Die dreidimensionale instrumentierte Ganganalyse Die 3DGA wird als der Goldstandard der Ganganalyse bezeichnet und besteht aus verschiedenen Komponenten. Generell findet die Analyse beim freien Gehen im Labor statt. Alternativ sind Ganganalysen auf dem Laufband möglich. Eine ausführliche klinische Untersuchung der unteren Extremitäten des Patienten gehört immer dazu. Sie umfasst die passive Beweglichkeit, die manuelle Muskelkraft, die Muskellänge und gegebenenfalls die Beurteilung der Spastik bei neuromuskulären Erkrankungen. Um das Computermodell möglichst individuell auf die Masse des Patienten zu skalieren, werden anthropometrische Masse wie Körpergrösse, Gewicht, Beinlänge, femorale und tibiale Torsionsverhältnisse, Knie-, Knöchel- und Ellbogenbreite erfasst.
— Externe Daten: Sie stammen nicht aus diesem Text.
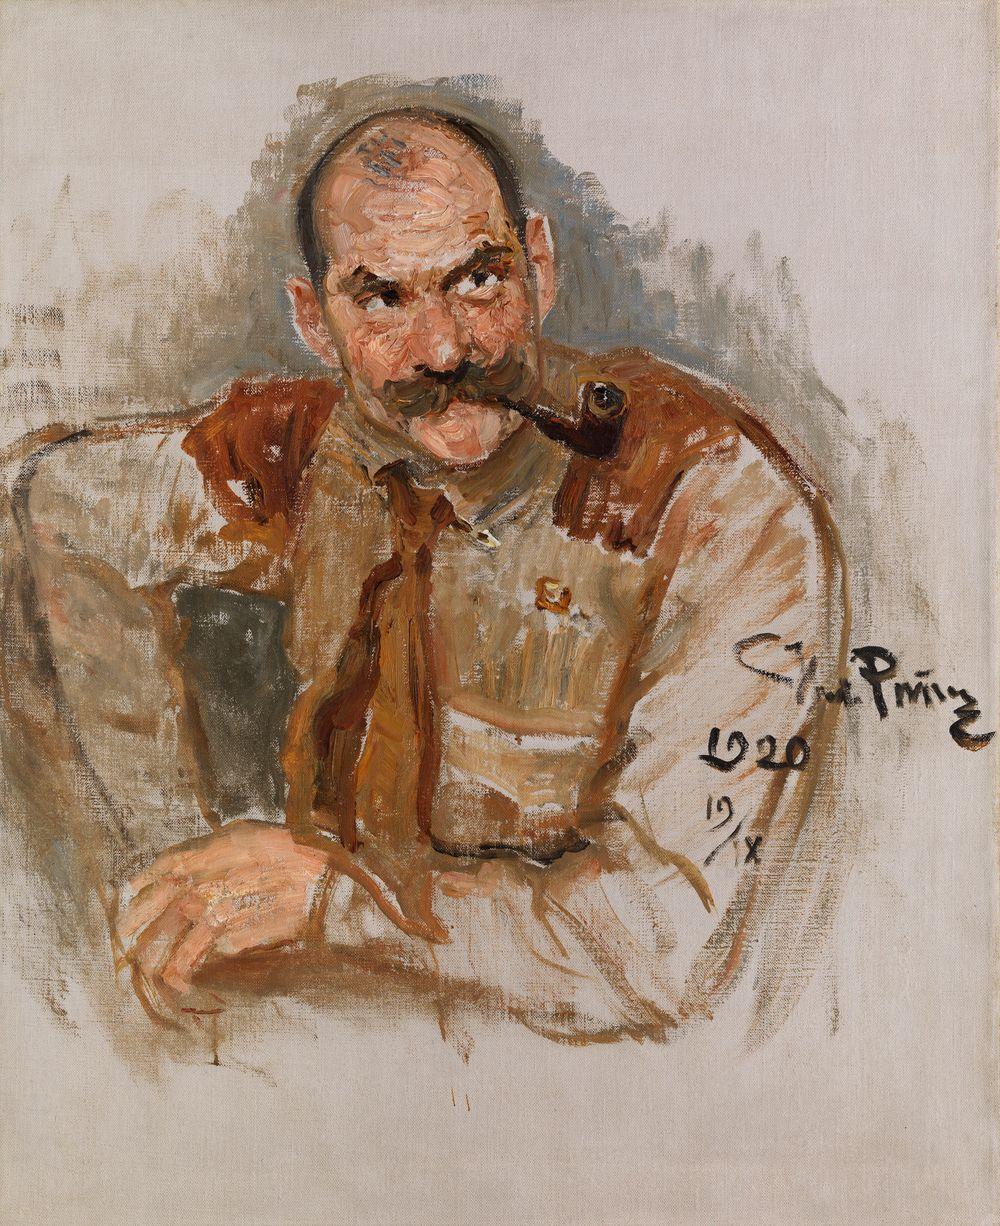 Porträtt av A. Gallen-Kallela

Kinematik Die kinematischen Daten quantifizieren die Bewegung von Körpersegmenten im Raum und zueinander (Gelenkwinkel). Um die Bewegungen der Körpersegmente beim Gehen zu erfassen, werden dem Patienten kleine reflektierende Kügelchen (Marker) auf bestimmte anatomische Strukturen geklebt. Diese Marker definieren die einzelnen Körpersegmente (Abbildung 1), aus denen anschliessend die Gelenkwinkel (Kinematik) für alle drei Körperebenen (sagittal, frontal, transversal) berechnet werden. Die Patienten gehen dafür eine definierte Strecke von ca. 8 bis 12 m im Labor mehrere Male auf und ab. Dabei werden die Markerpositionen im Raum mit ca. 10 bis 14 Infrarotkameras registriert. Das benutzte Markermodell kann zwischen verschiedenen Laboren leicht unterschiedlich ausfallen, allerdings haben sich im klinischen Bereich einige Standardmodelle etabliert (4–7).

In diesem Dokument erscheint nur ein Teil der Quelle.